**Exercise prompt:**
From the listing below, output the lines between the one with "arlo badge for web" and the one with "Leviton R50-IPL06-10M Single", including those two, and nothing else. Pictures are not copied.

**Input:**

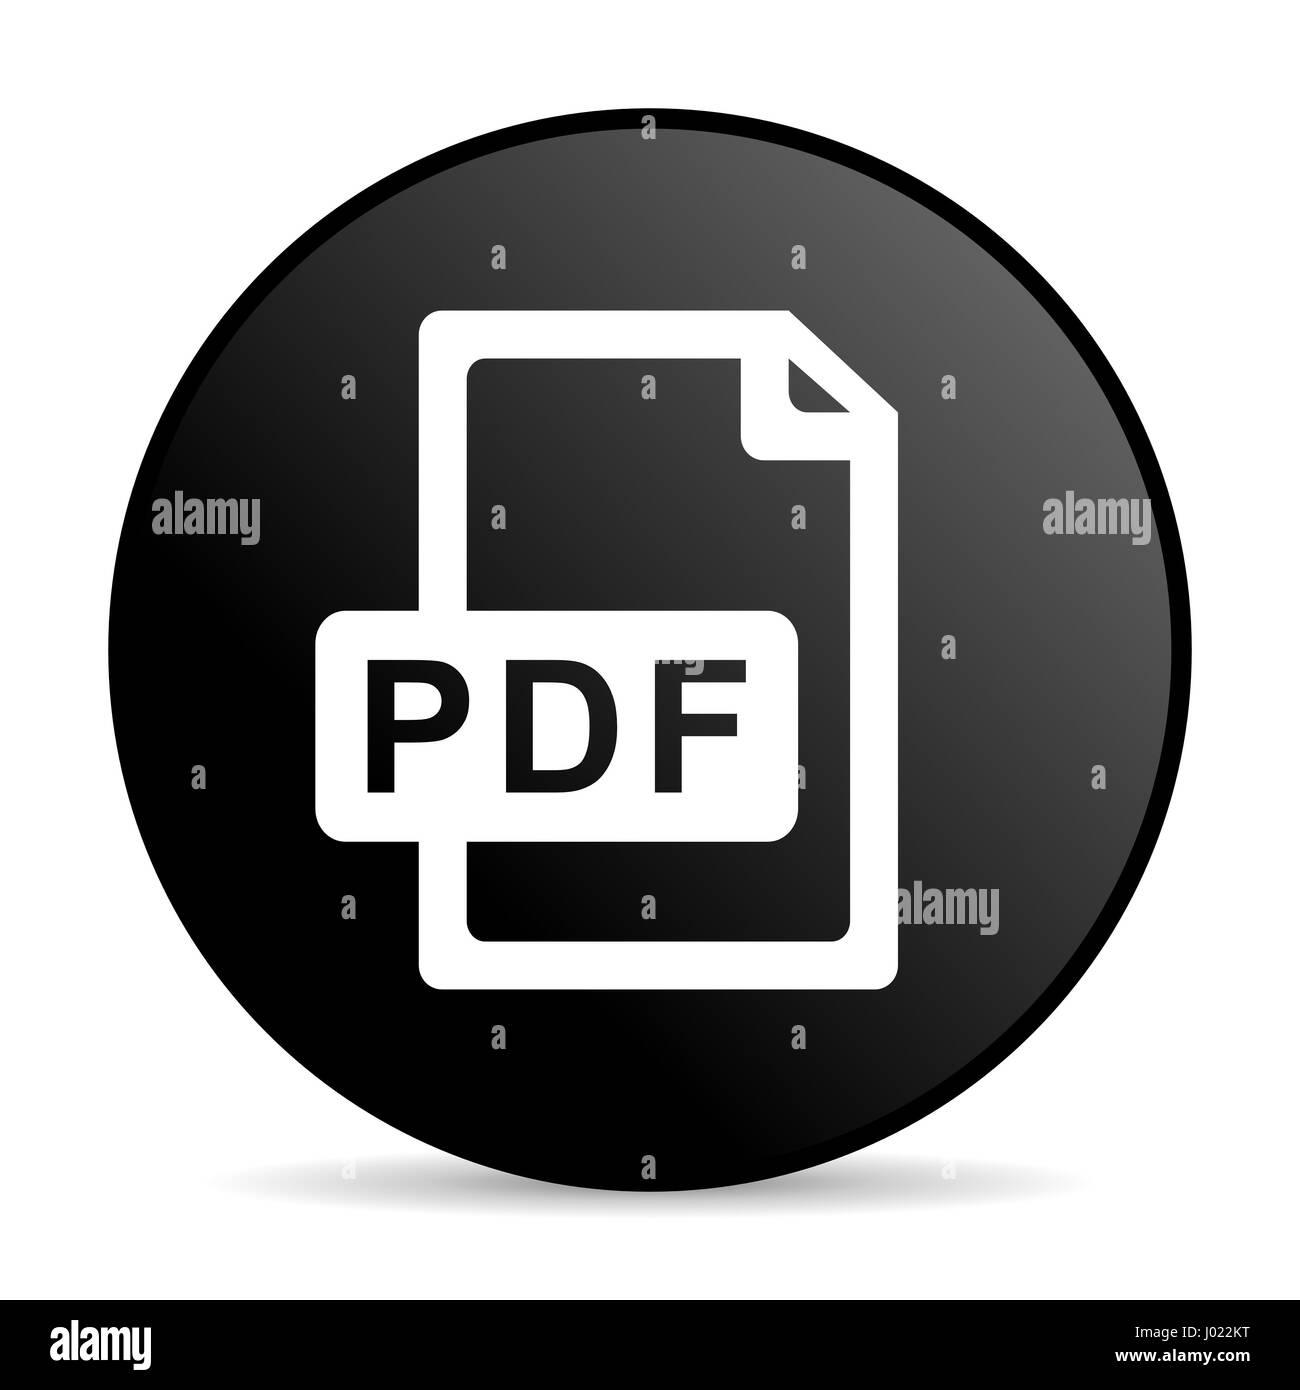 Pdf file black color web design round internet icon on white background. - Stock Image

---

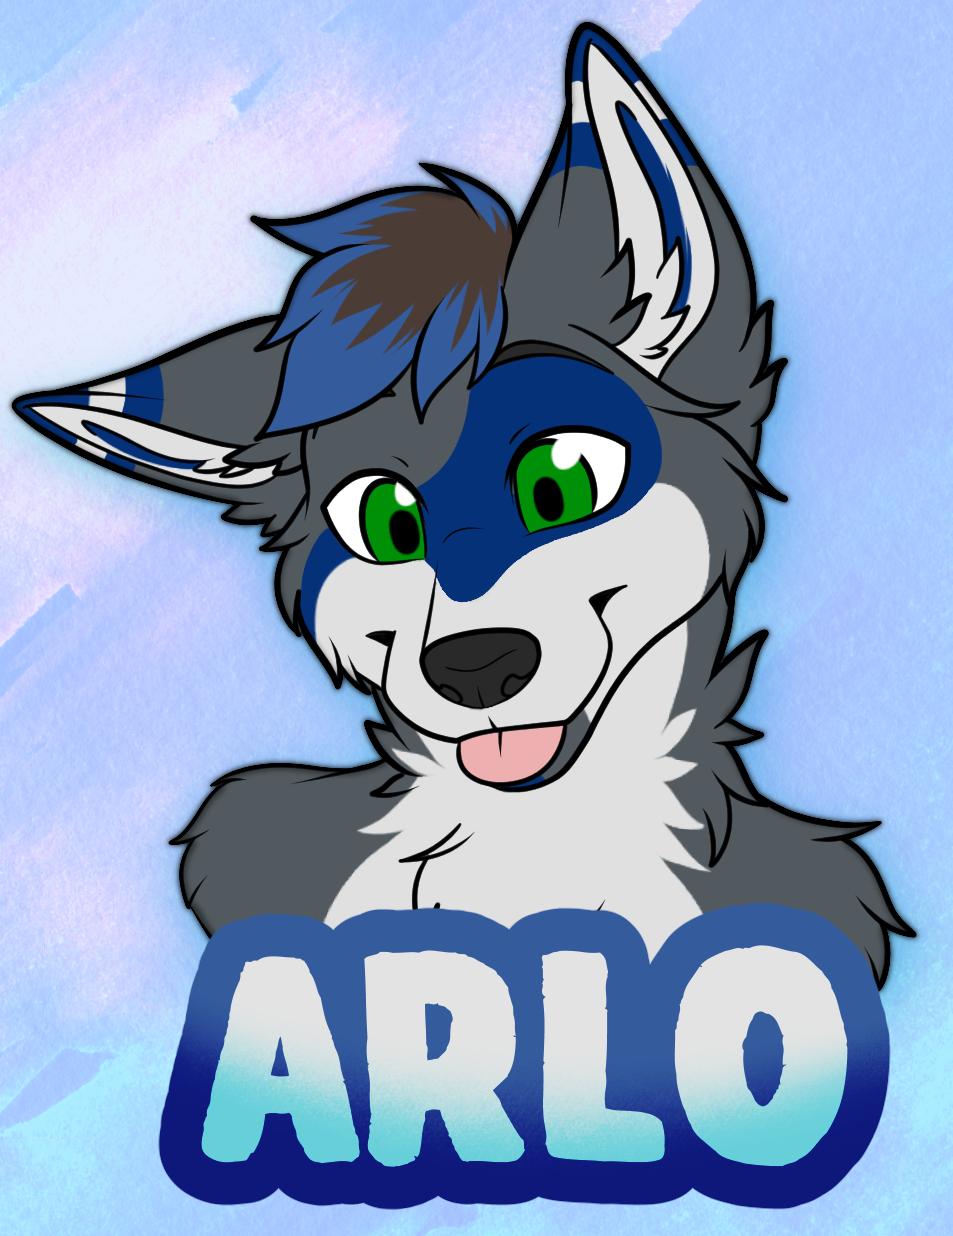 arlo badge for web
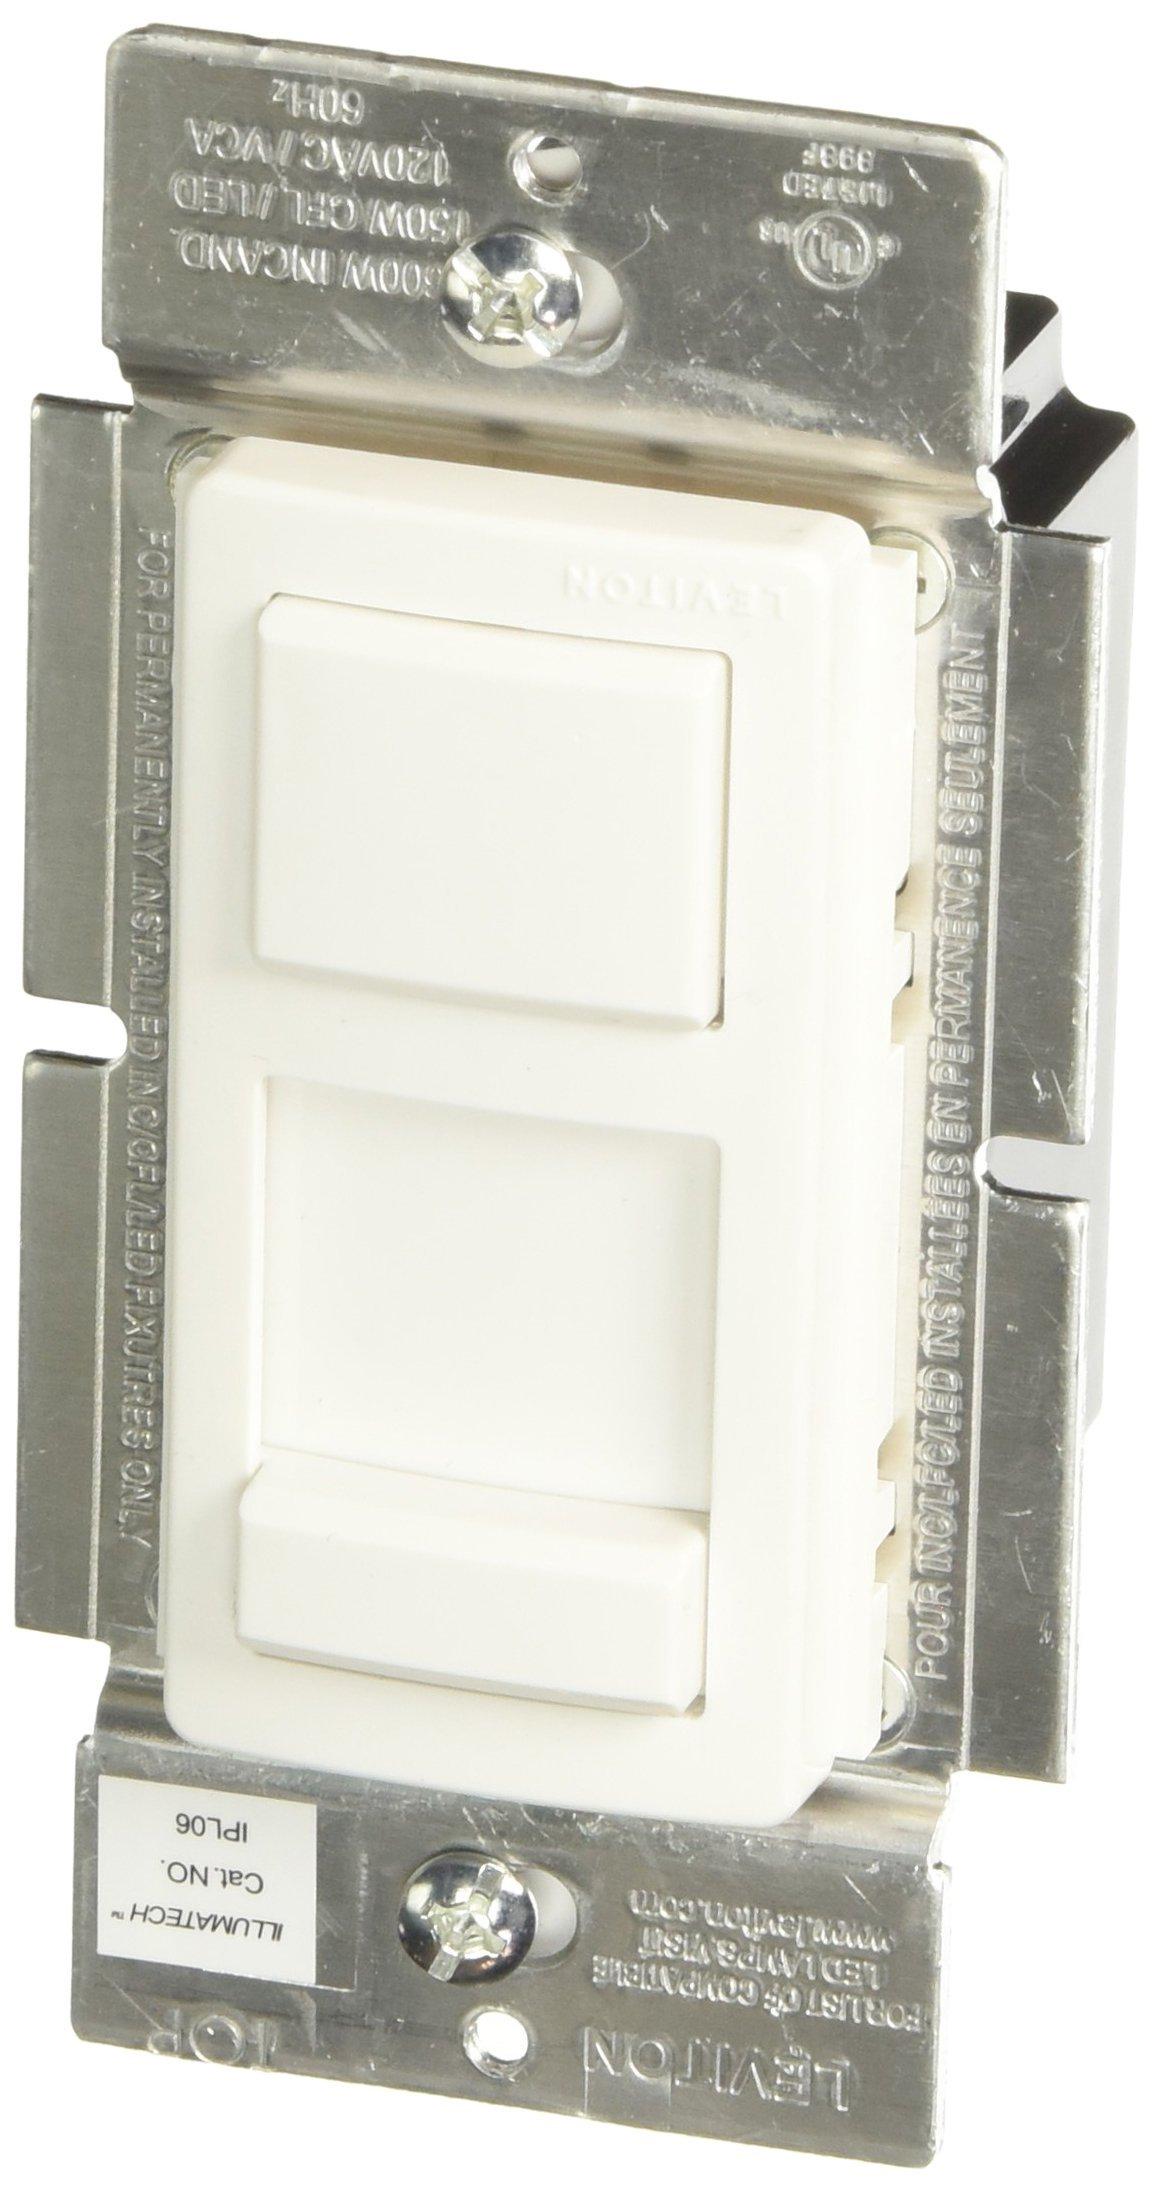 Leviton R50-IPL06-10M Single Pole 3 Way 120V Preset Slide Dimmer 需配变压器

==

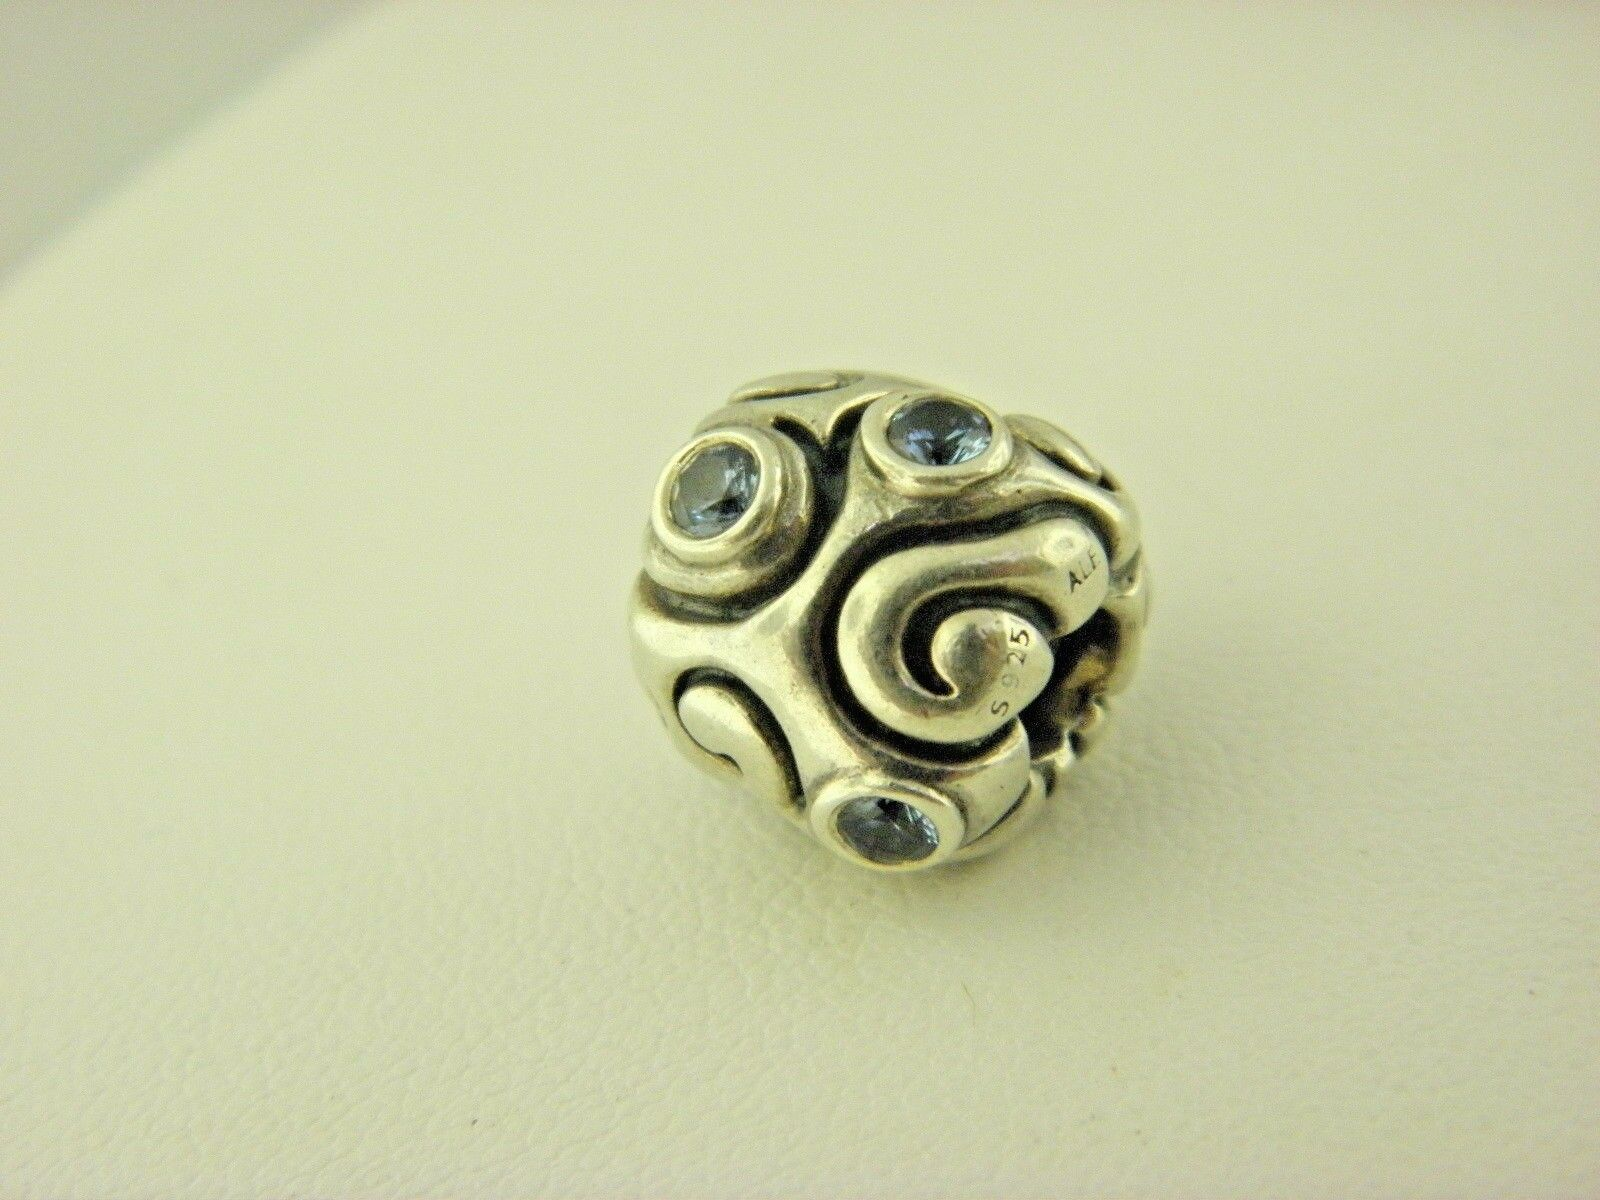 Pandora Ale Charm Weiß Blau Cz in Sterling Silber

**Result for this task:**
 arlo badge for web
 Leviton R50-IPL06-10M Single Pole 3 Way 120V Preset Slide Dimmer 需配变压器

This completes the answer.